The New Zealand currency fell after the Reserve Bank of New Zealand (RBNZ) left rates unchanged at its monetary policy meeting earlier today. The kiwi has since rebounded on the prospect of less severe domestic economic conditions going forward.
The RBNZ had previously raised the overnight cash rate (OCR) 12 times since the first lift in October 2021. Stock markets in New Zealand consolidated higher on the news following losses seen at the open.
NZ CPI in the first quarter was below expectations at 6.7% and the second quarter reading will be released next week. The RBNZ have an inflation target of 1 – 3%. The initial weakness in the aftermath of the OCR decision was most notable against the yen and Aussie.
Today’s pause in the hiking cycle may reflect the market perception of many Western central banks whereby once policy settings are seen as tight enough, an extended period of ‘wait and see’ could be in store.
It was a busy morning for Antipodean currencies, as RBA Governor Lowe was also speaking. Lowe noted that “it is possible there will be more rate hikes still to come.”
He also added that “possible some further tightening will be required to return inflation to target” and the RBA “Remains to be determined whether monetary policy has more work to do.”
Traders await the CPI release from the US later today, notably the US dollar remained soft ahead of the CPI drop during the Asian trading session.
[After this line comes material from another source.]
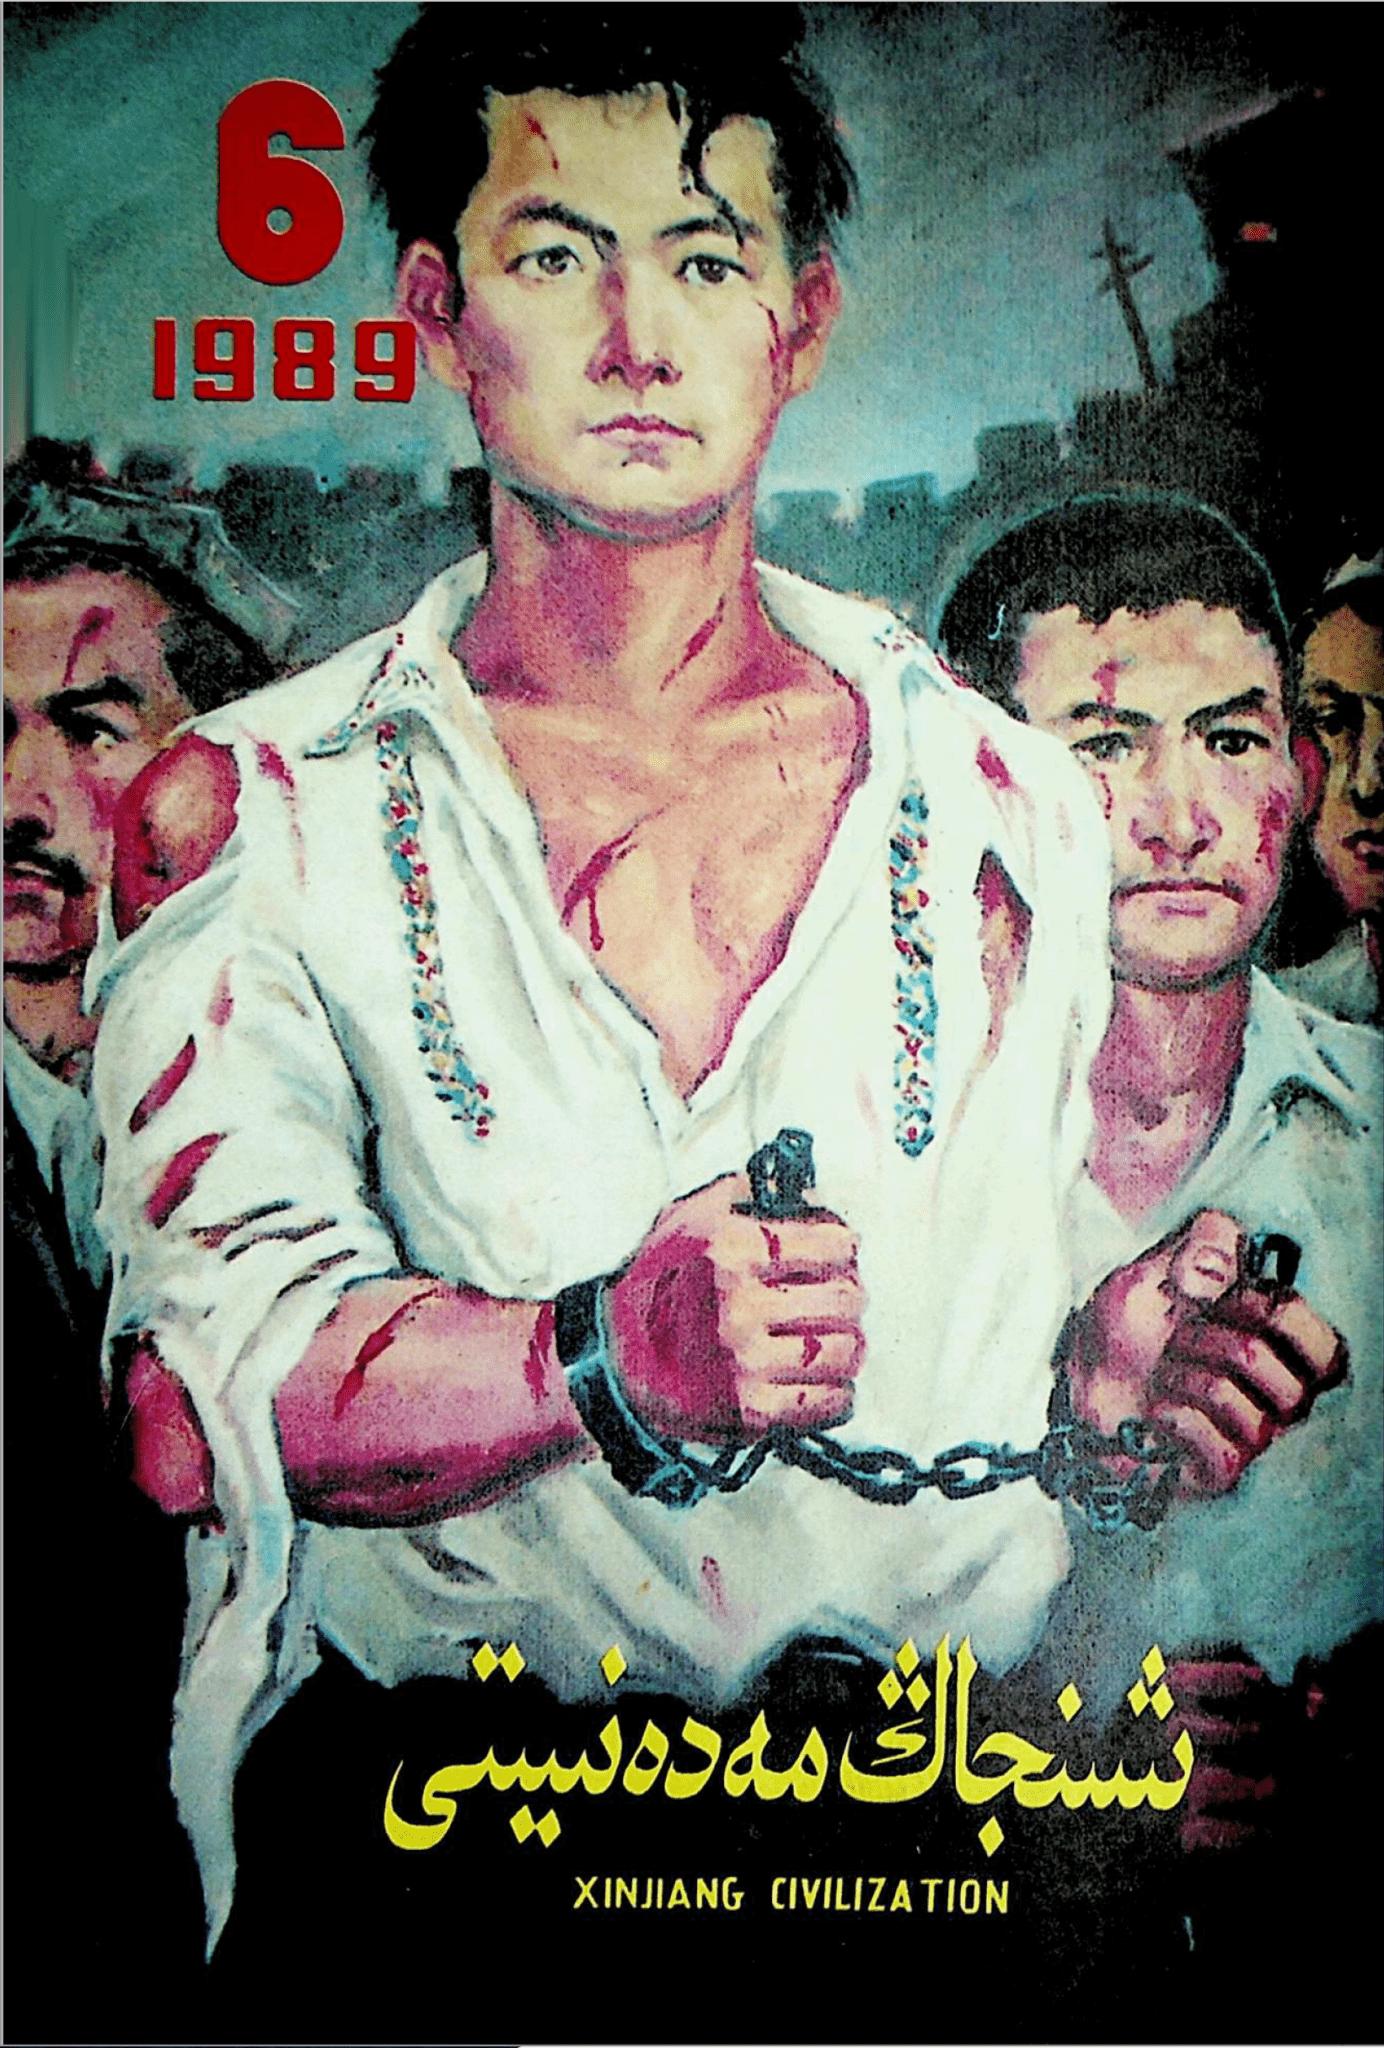 Screenshot 2020 03 05 at 15.31.10 - شىنجاڭ مەدەنىيىتى 1989-يىلى 6-سان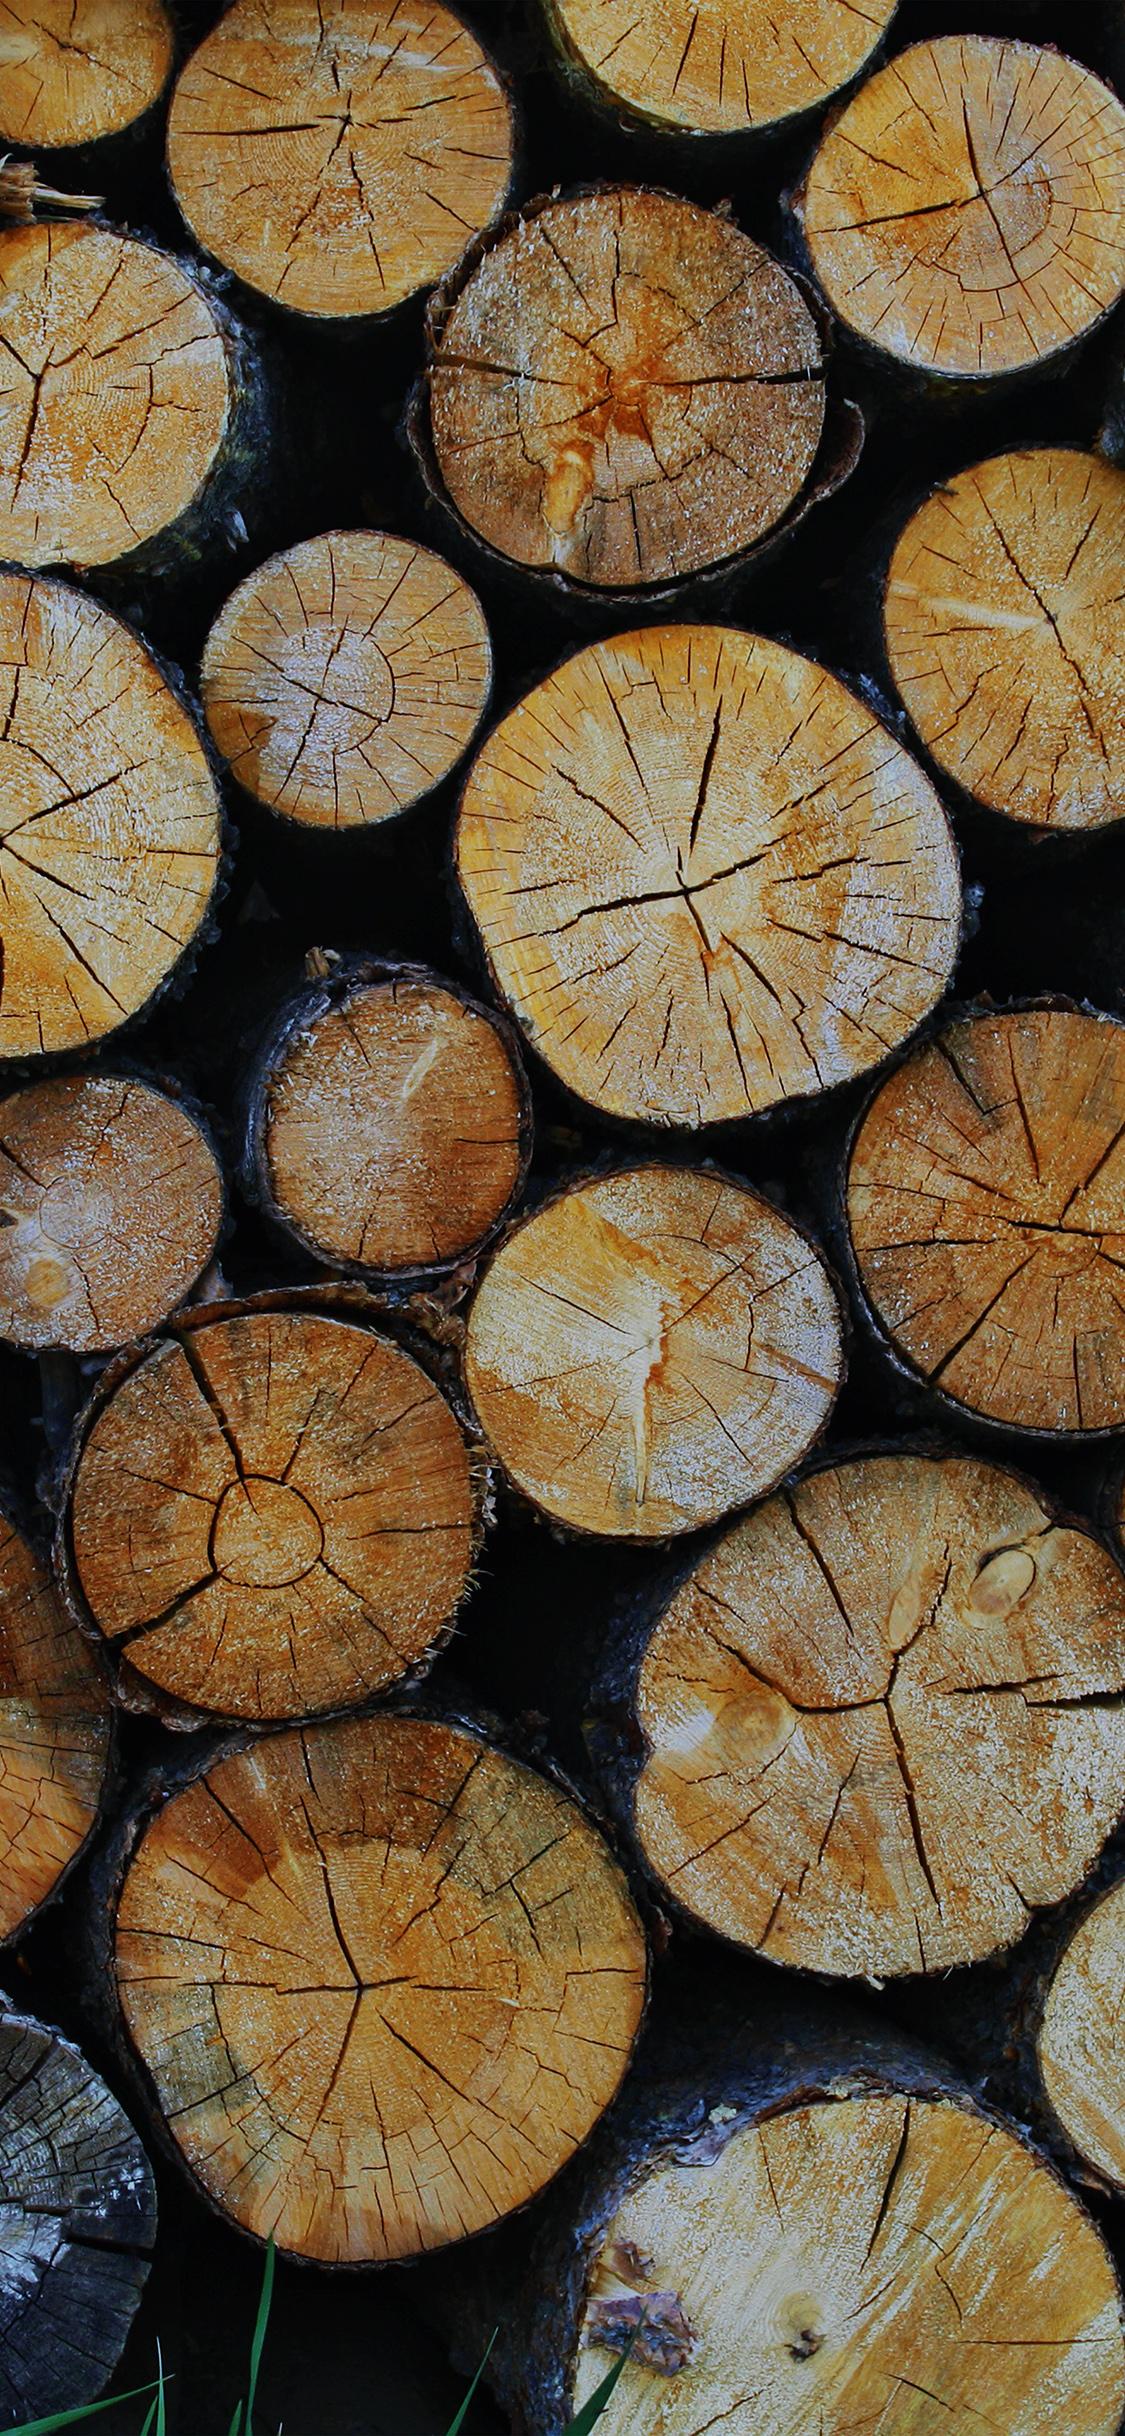 iPhonexpapers.com-Apple-iPhone-wallpaper-vr10-wood-nature-cut-pattern-dark

CIBC bank note that “Base effects will be behind a sharp drop in the pace of annual headline inflation to 3.1% in the US in June, as surging gasoline prices from a year ago drop out of the calculation. That will leave inflation at the slowest pace since March 2021.”
CIBC add that “Excluding food and energy, core price pressures could have also subsided to a pace not seen since late 2021 at 5.0%, with potentially slower inflation in shelter adding to a possible drop in used car prices, in line with industry measures.”